In this connection, the following notice to the public appeared in yesterday’s papers:
The undersigned company takes the pleasure of announcing that by the expressed order of the Japanese Military Administration, the operations and management of the public electric utilities of the Philippine Islands have been assigned to it, and that operations under our administration will commence on July 1, 1942.
— The Taiwan Power Company
As the notice did not exclude electric power plants owned by Filipino establishments, the new Japanese firm has taken over all existing light factories, whether owned by enemy nationals or not.
On the other hand, Filipino, Spanish and German industries, except for isolated cases, are allowed to operate, with many reservations.
Of the four major cigar and cigarette factories in operation, three are Spanish and one is Swiss-German. They can produce all the cigars and cigarettes they want, with Philippine tobacco which is abundant. The prices, however, are prohibitive, due to the manipulations of middlemen. The military commandeers all the big warehouses of imported cigarettes. Likewise, the Army has “bought” from Virginia tobacco all the cigarettes made in Manila. In the beginning, they allowed the sale of some of these imported brands. Gradually, the Army exhausted the supply and prohibited their sales.

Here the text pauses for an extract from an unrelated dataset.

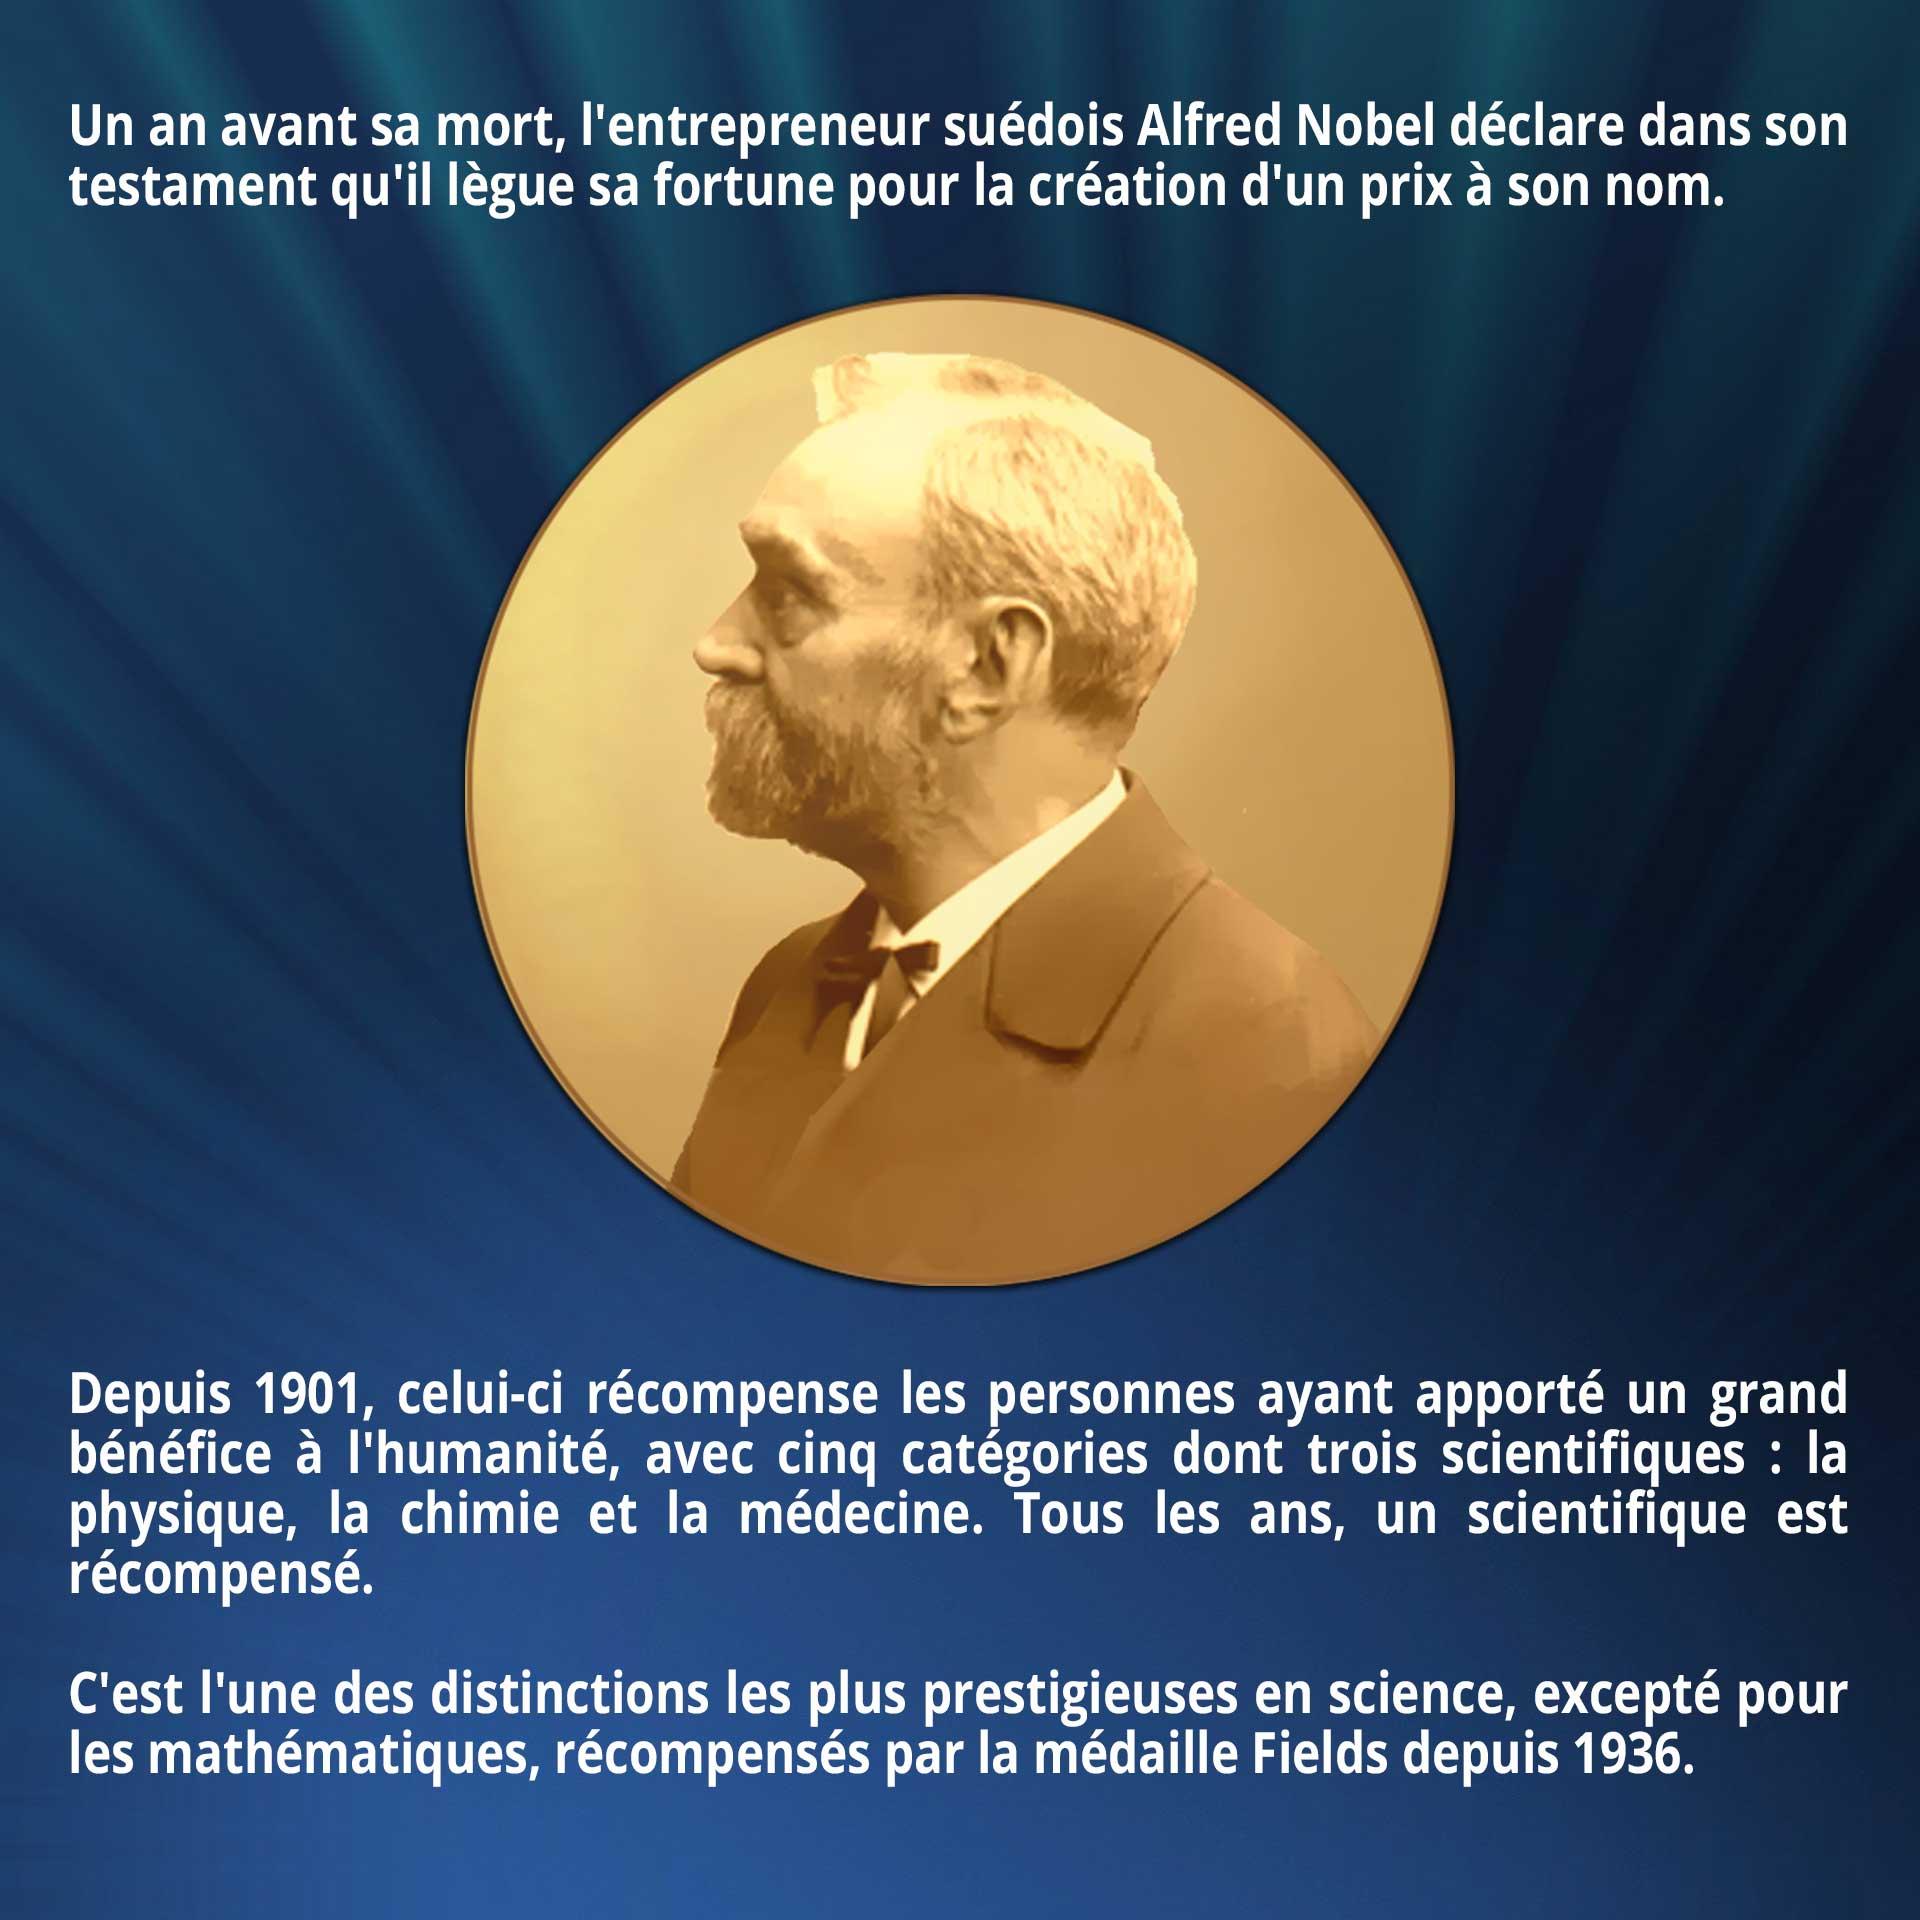 Un an avant sa mort, l'entrepreneur suédois Alfred Nobel déclare dans son testament qu'il lègue sa fortune pour la création d'un prix à son nom. Depuis 1901, celui-ci récompense les personnes ayant apporté un grand bénéfice à l'humanité, avec cinq catégories dont trois scientifiques : la physique, la chimie et la médecine. Tous les ans, un scientifique est récompensé. C'est l'une des distinctions les plus prestigieuses en science, excepté pour les mathématiques, récompensés par la médaille Fields depuis 1936.

Furthermore, the Army purchases all alcohol produced by the different distilleries, exporting it to Japan, or selling it on ration to those who have the permit to use motor vehicles.
The manufacturers of “Rizal” cement were ordered to produce at full capacity, and the products are being bought by the Army. As of date, they have been paid only with receipts and IOU’s.
San Miguel Brewery was one of the most flourishing economic establishments in Manila. Its products are ice, softdrinks, Magnolia milk, ice cream and beer. Before the war, San Miguel produced some one hundred thousand bottles of Coca Cola and beer daily. All of them were sold. Ninety-five per cent of the operations were under Filipinos or Spaniards. Aside from a few Spanish employees and three or four German technicians, the personnel force was composed of Filipinos. The firm has been taken over by Japan, perhaps because the local Japanese beer factory could not compete with San Miguel, or perhaps because the Japanese needed the products of San Miguel. The fact is that just at the start of the war the Japanese Army took over all the plants of San Miguel and produced just enough for the Japanese Army.
Due to the lack of raw materials, San Miguel could not manufacture bottles. The Army had to resort to all kinds of tricks to insure the supply of bottles. First, they announced that beer was going to be sold to the public but those who wanted to buy it would had to turn in seventy-two empty bottles before they could be entitled to buy a case of twenty-four bottles. The Chinese went around buying empty bottles which they sold at seven or ten centavos per bottle. Once refilled, a bottle of beer cost from fifty to sixty centavos.